* _What you need to do_
A faithful copy without images is required: write out all the records exactly.

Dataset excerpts
☆ ☆ ☆ ☆

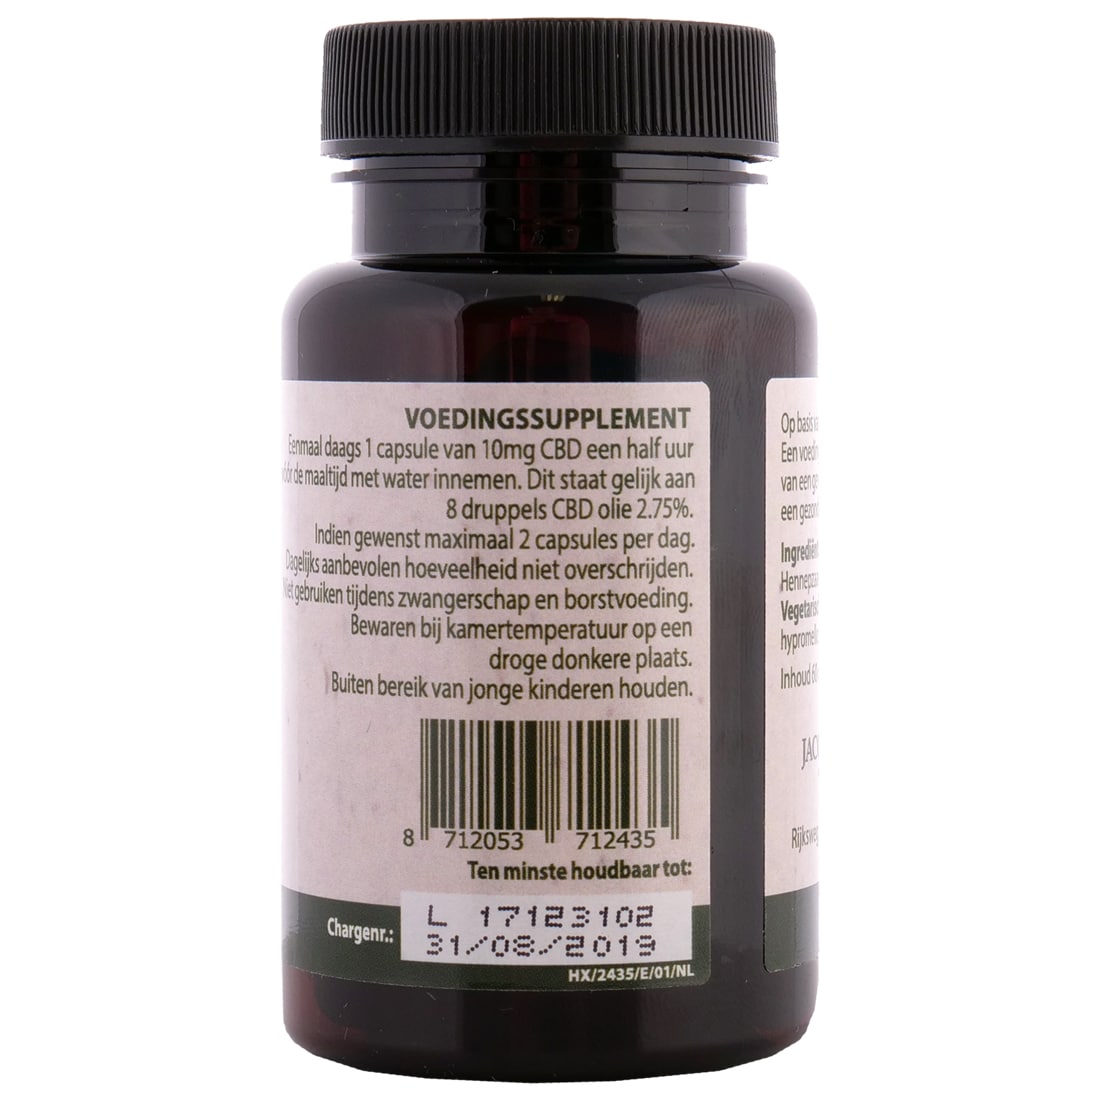 A close up of a bottle of Jacob Hooy CBD Capsules (60 pcs - 10mg) supplement.
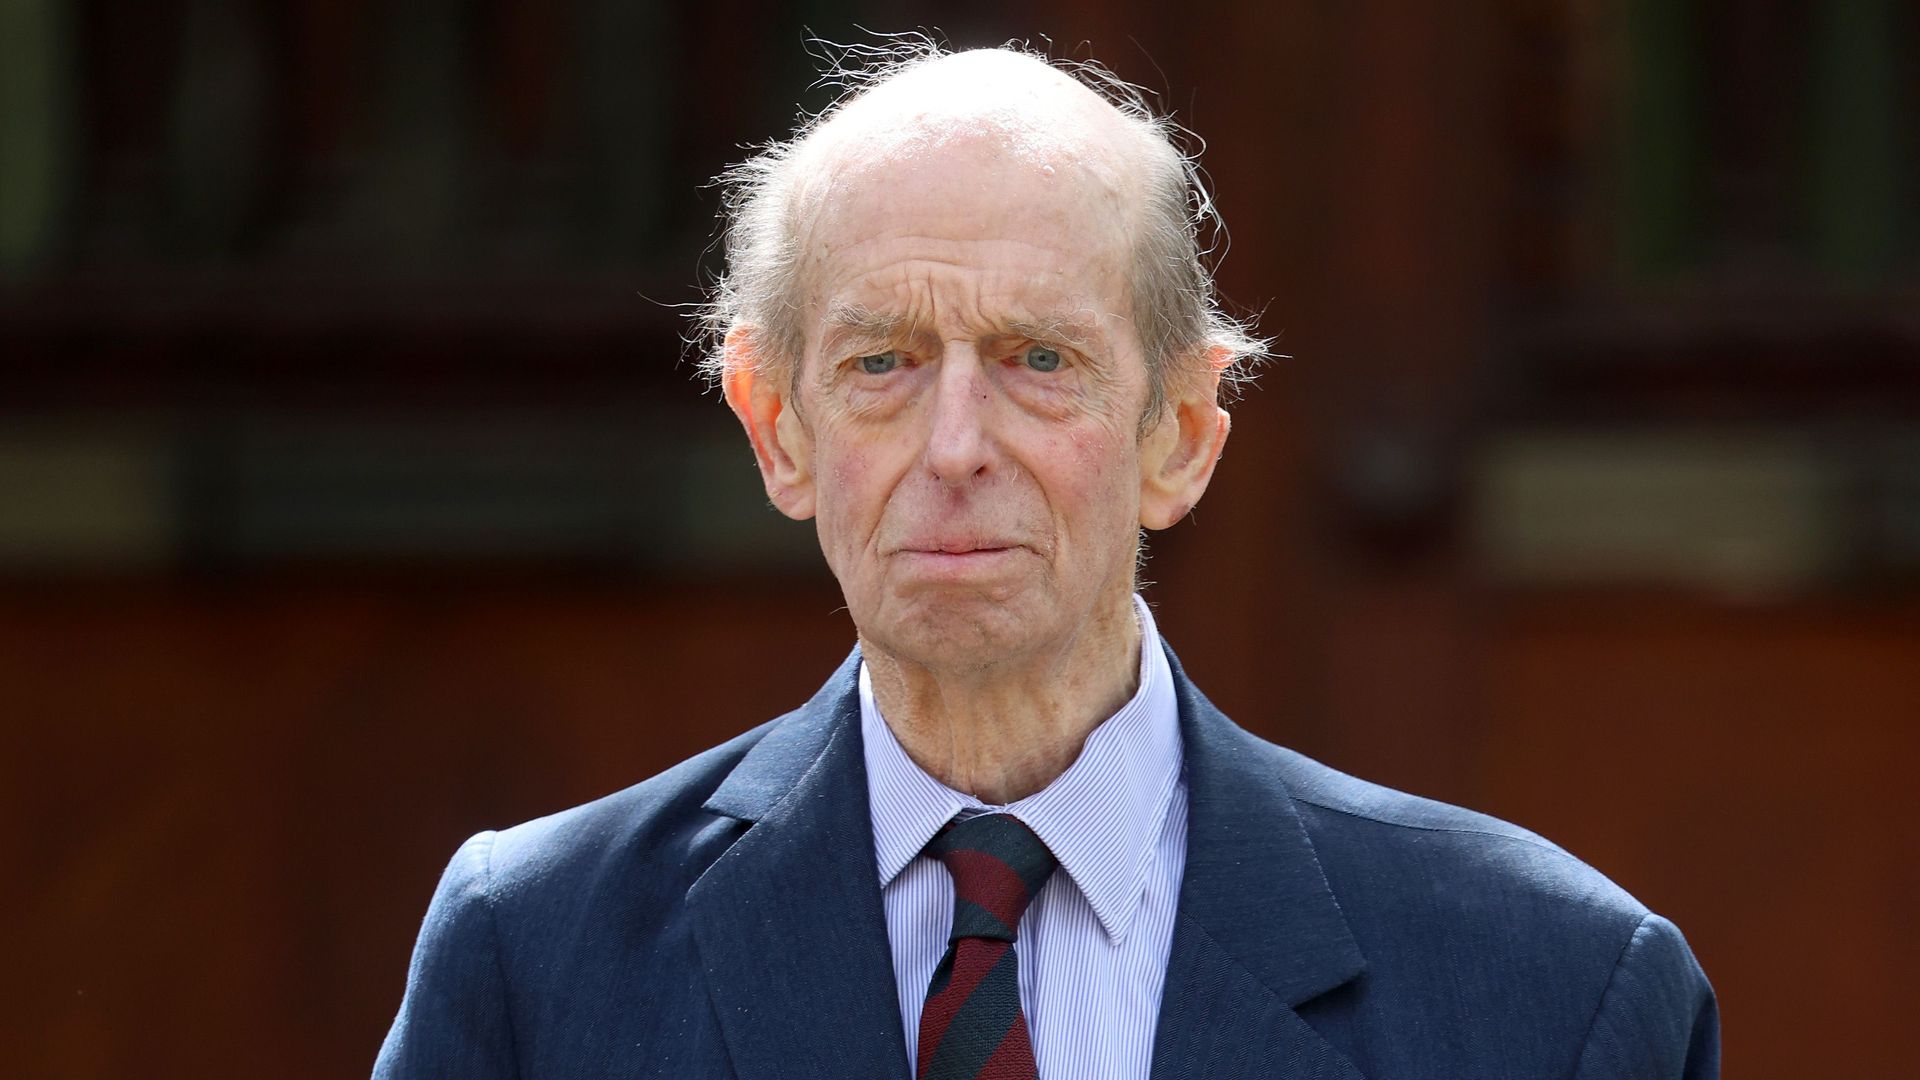 The Duke of Kent bids emotional farewell to long-held royal role
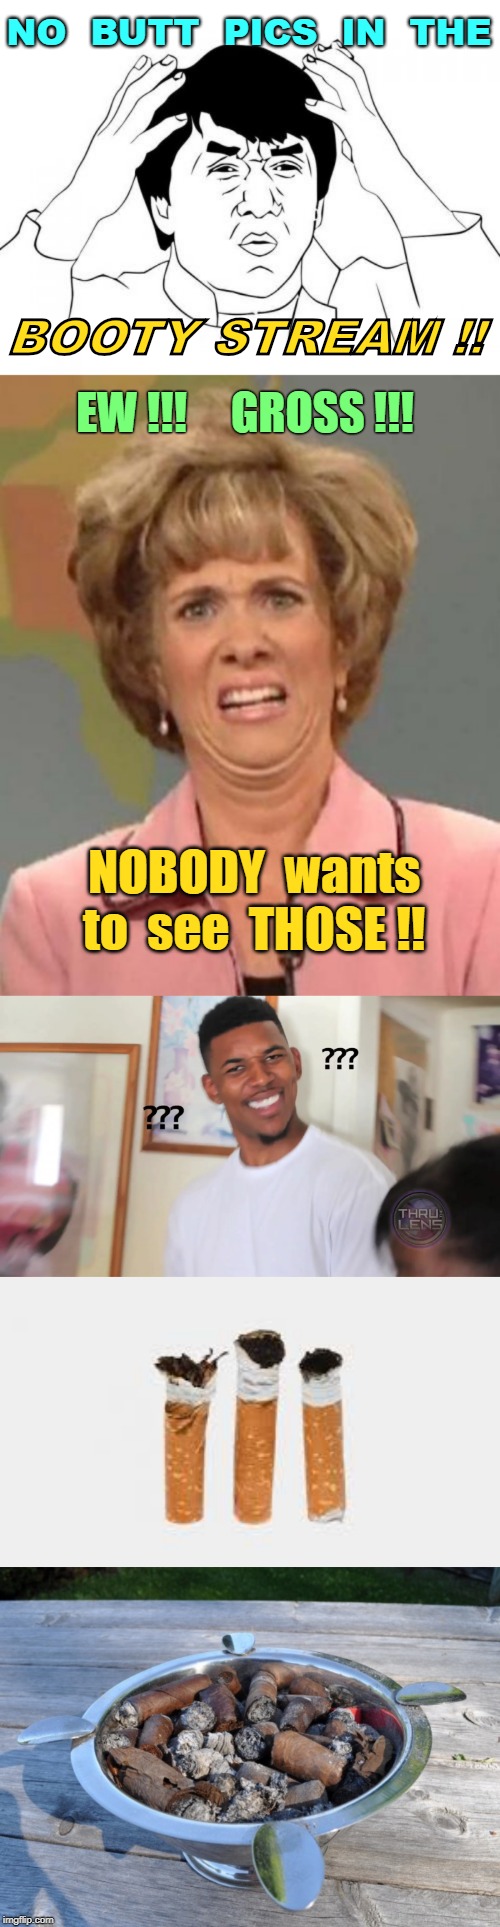 NO BUTT PICS IN THE BOOTY STREAM !! | NO  BUTT  PICS  IN  THE; BOOTY STREAM !! EW !!!     GROSS !!! NOBODY  wants  to  see  THOSE !! | image tagged in jackie chan wtf,disgusted kristin wiig,black guy question mark,rick75230,booty,funny memes | made w/ Imgflip meme maker
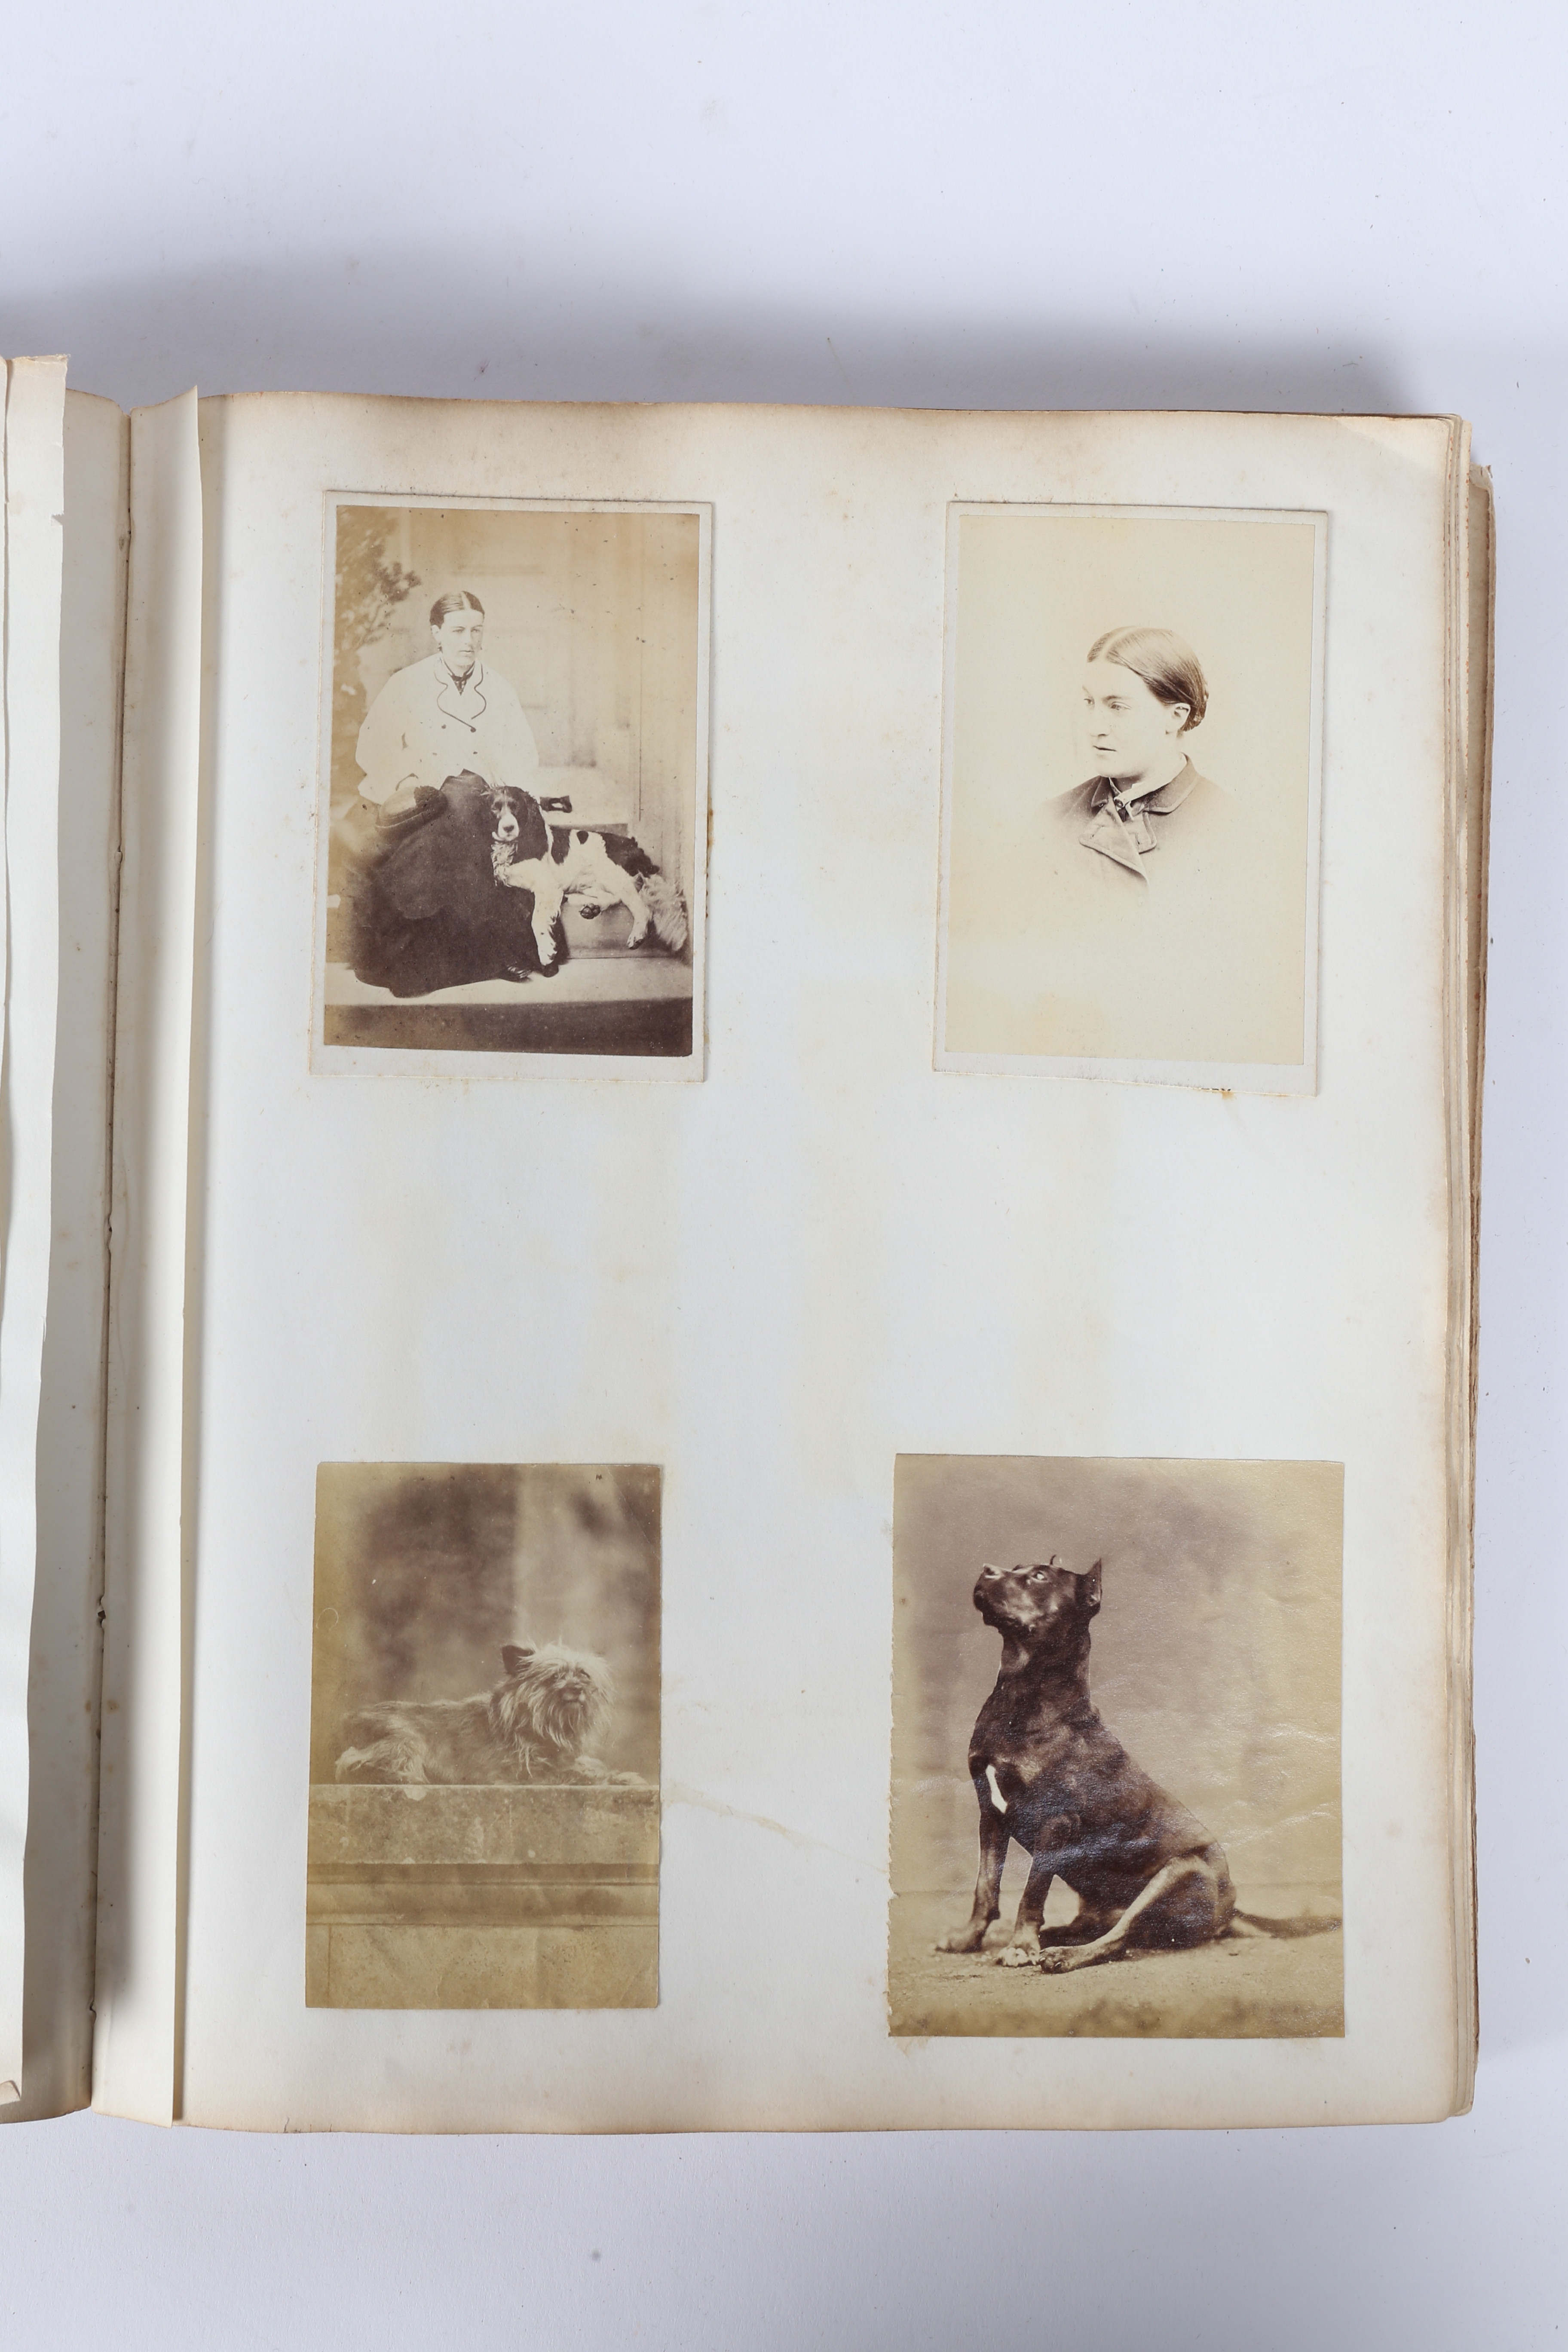 VICTORIAN PHOTOGRAPH ALBUM BELONGING TO GENERAL SIR HARRY JONES GCB DCL, AND HIS WIFE LADY CHARLOTTE - Image 9 of 60
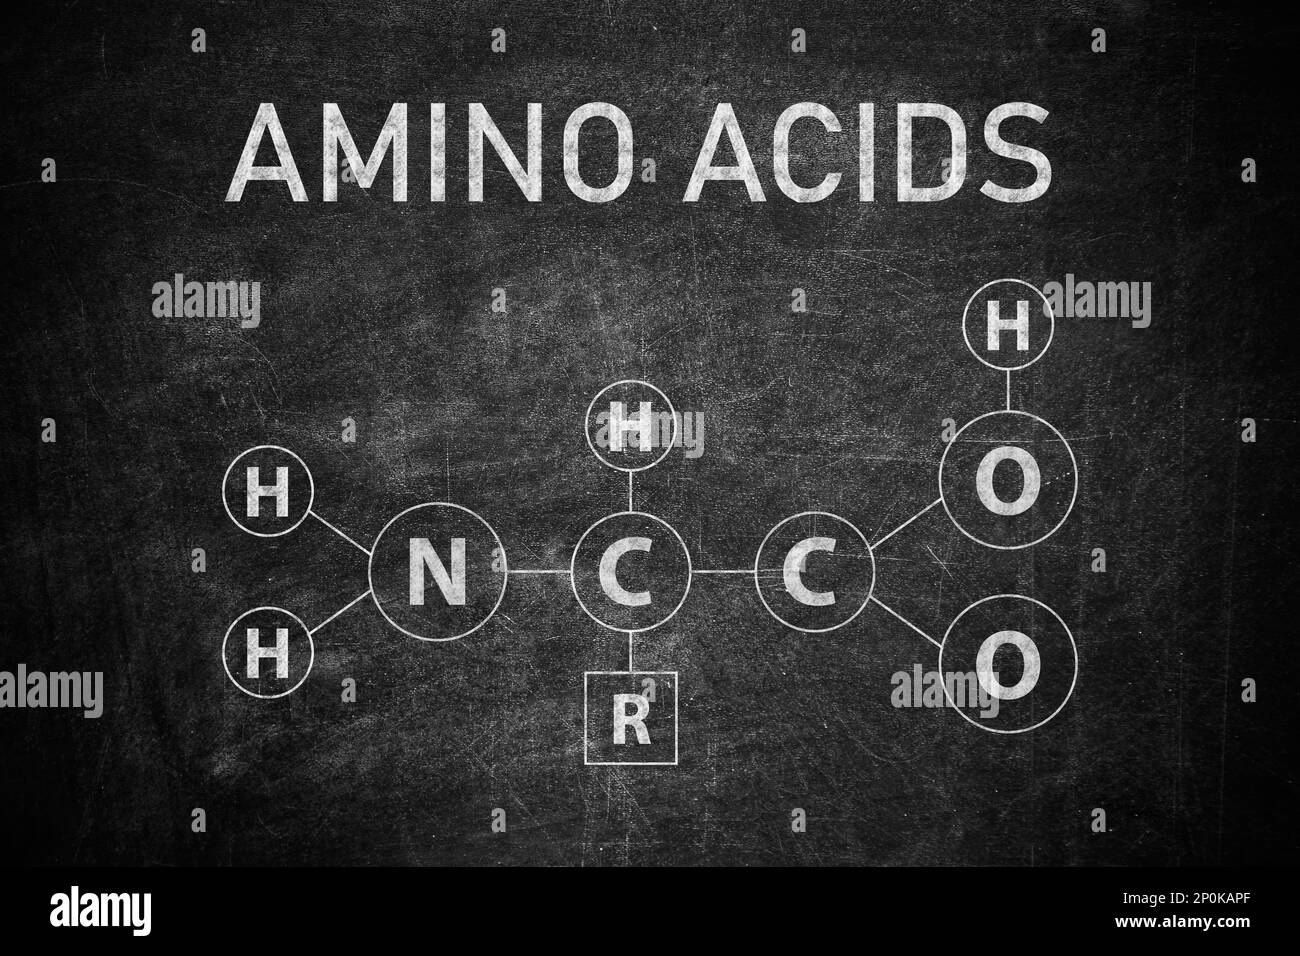 Text AMINO ACIDS and chemical formula written on blackboard Stock Photo

☆ ☆ ☆ ☆

* _Solution to this task_
 A close up of a bottle of Jacob Hooy CBD Capsules (60 pcs - 10mg) supplement.
 The Duke of Kent bids emotional farewell to long-held royal role
 NO BUTT PICS IN THE BOOTY STREAM !! | NO  BUTT  PICS  IN  THE; BOOTY STREAM !! EW !!!     GROSS !!! NOBODY  wants  to  see  THOSE !! | image tagged in jackie chan wtf,disgusted kristin wiig,black guy question mark,rick75230,booty,funny memes | made w/ Imgflip meme maker
 VICTORIAN PHOTOGRAPH ALBUM BELONGING TO GENERAL SIR HARRY JONES GCB DCL, AND HIS WIFE LADY CHARLOTTE - Image 9 of 60
 Text AMINO ACIDS and chemical formula written on blackboard Stock Photo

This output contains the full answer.